How deep? I poke the cloves, pointy side up, so that the tip is about 2 inches below the surface of the soil in my raised beds. Mulching at planting time in areas with cold winters is recommended, so I simply layer on some leaf mold or composted stable bedding, which also helps come spring in weed control (it’s essential to keep garlic beds weed-free!).
How far apart? Spacing is easy, because the distance from the tip of my pinky finger to the tip of my thumb when I stretch my hand as wide as I can is 8 inches. Garlic likes about 5-9 inches between cloves in the row, and also between rows—and 8 (which falls in that range nicely) is my magic number, thanks to my built-in measuring stick.
How much to plant? Well, that depends not just on your usage, but also what variety you are growing. Yield can be from 4-12 times the amount you plant, says Alley Swiss at Filaree Farm in Oregon, a longtime organic garlic grower, with certain Artichoke types at the high end and some Porcelain types (the kind I grow) at the bottom. Because my beloved ‘German Extra Hardy’ (also called ‘German Stiffneck’) is a little stingy that way, despite its giant individual cloves, I plant about 75 cloves so I have plenty to eat, share, and use as seed for next year.

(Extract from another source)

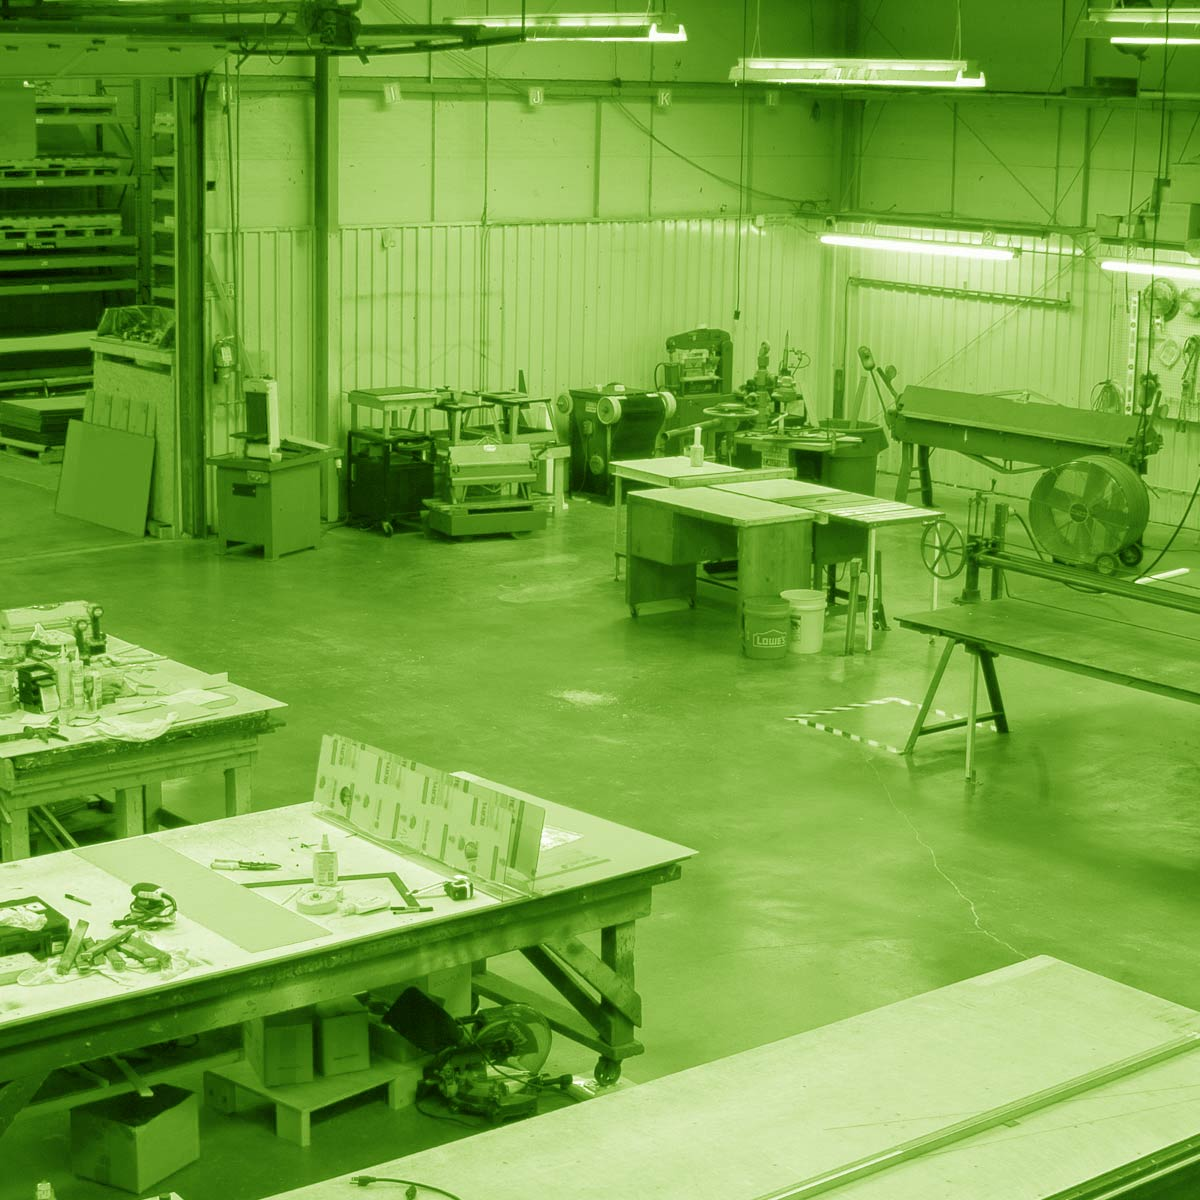 Lustercraft Plastics, Wichita Kansas Plastic Product Manufacturer
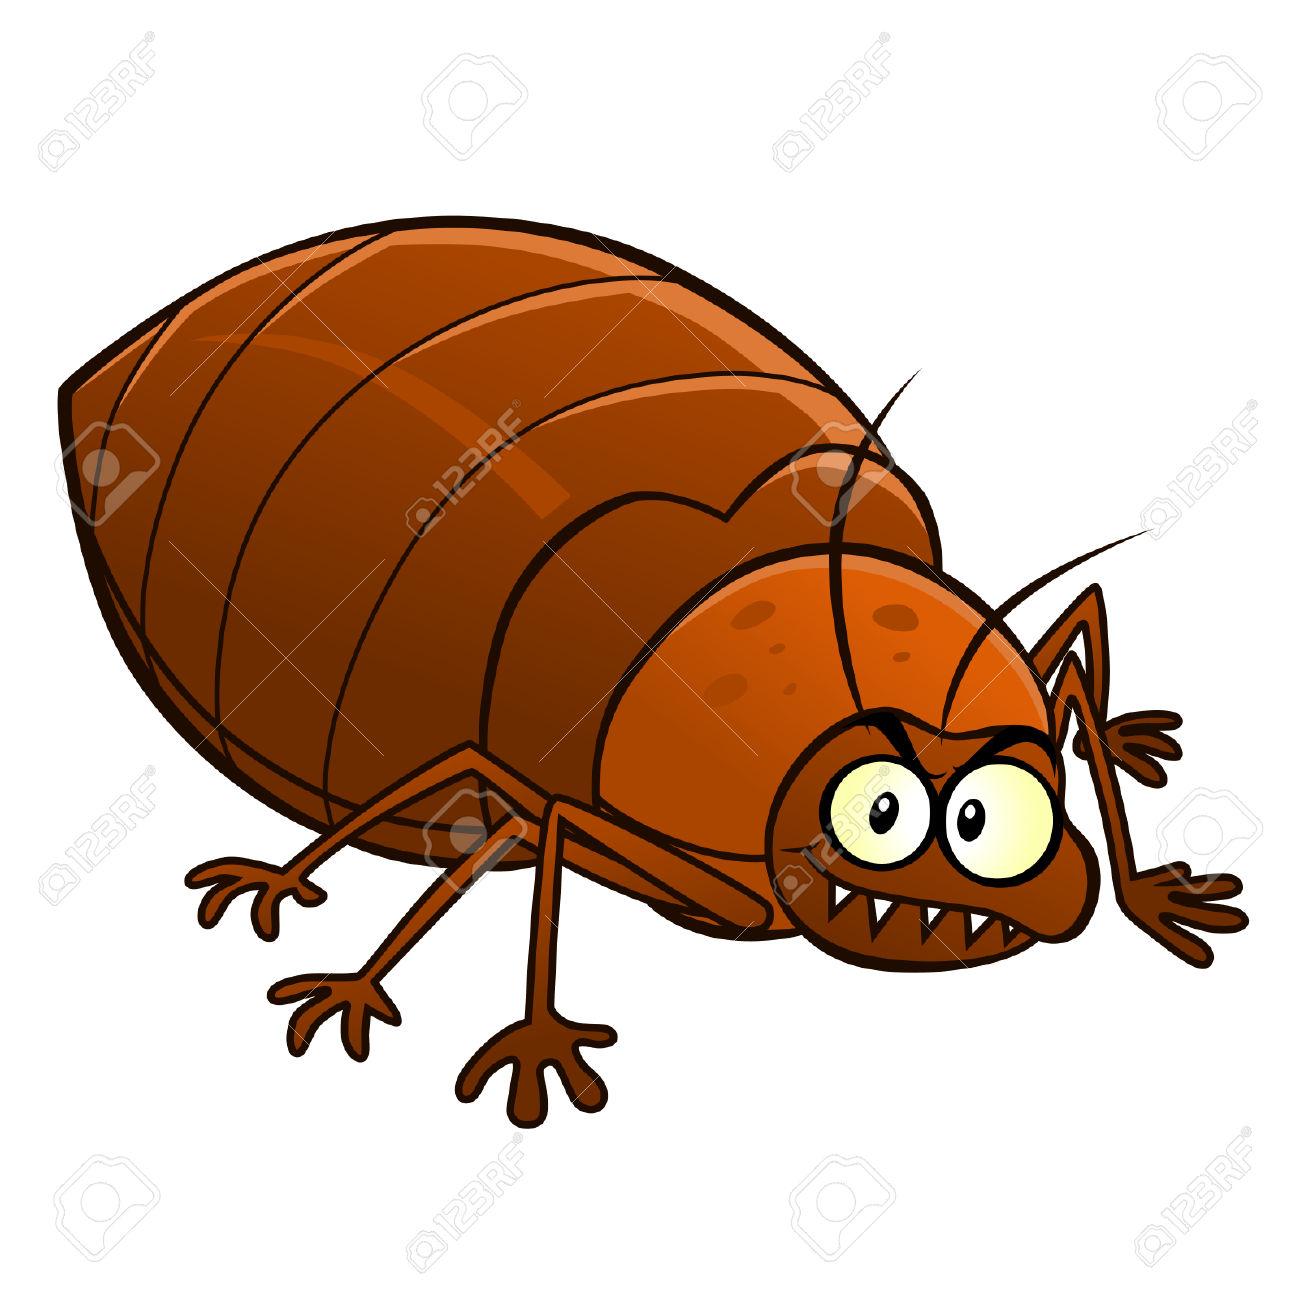 1300x1300 Bugs Clipart Mean 3108163

Yes, grow enough to share! The sharing part is important—and sometimes pays you back in unexpected ways. I had given a neighbor the strain of ‘German Extra Hardy’ I’d been selecting for many years (aiming for ever-bigger heads of big cloves, and gradually adapting it to my local soil and climate, too). Because the neighbor’s garden, maybe a mile away, only got small hail (not my whopper size) she was able to rescue me with a few big, fat bulbs to use as some of my “seed” this year, along with the best ones from my measly harvest.
Two new-to-me varieties: To fill in the gaps, I went shopping—specifically for two other hardneck porcelain types. I chose ‘Premium Northern White’ (very cold-hardy, and about four cloves per bulb) and ‘Polish Hardneck’ (which found its way into the catalog I bought it from via a grower in Idaho, who got it from another in Ontario…again, the sharing thing!)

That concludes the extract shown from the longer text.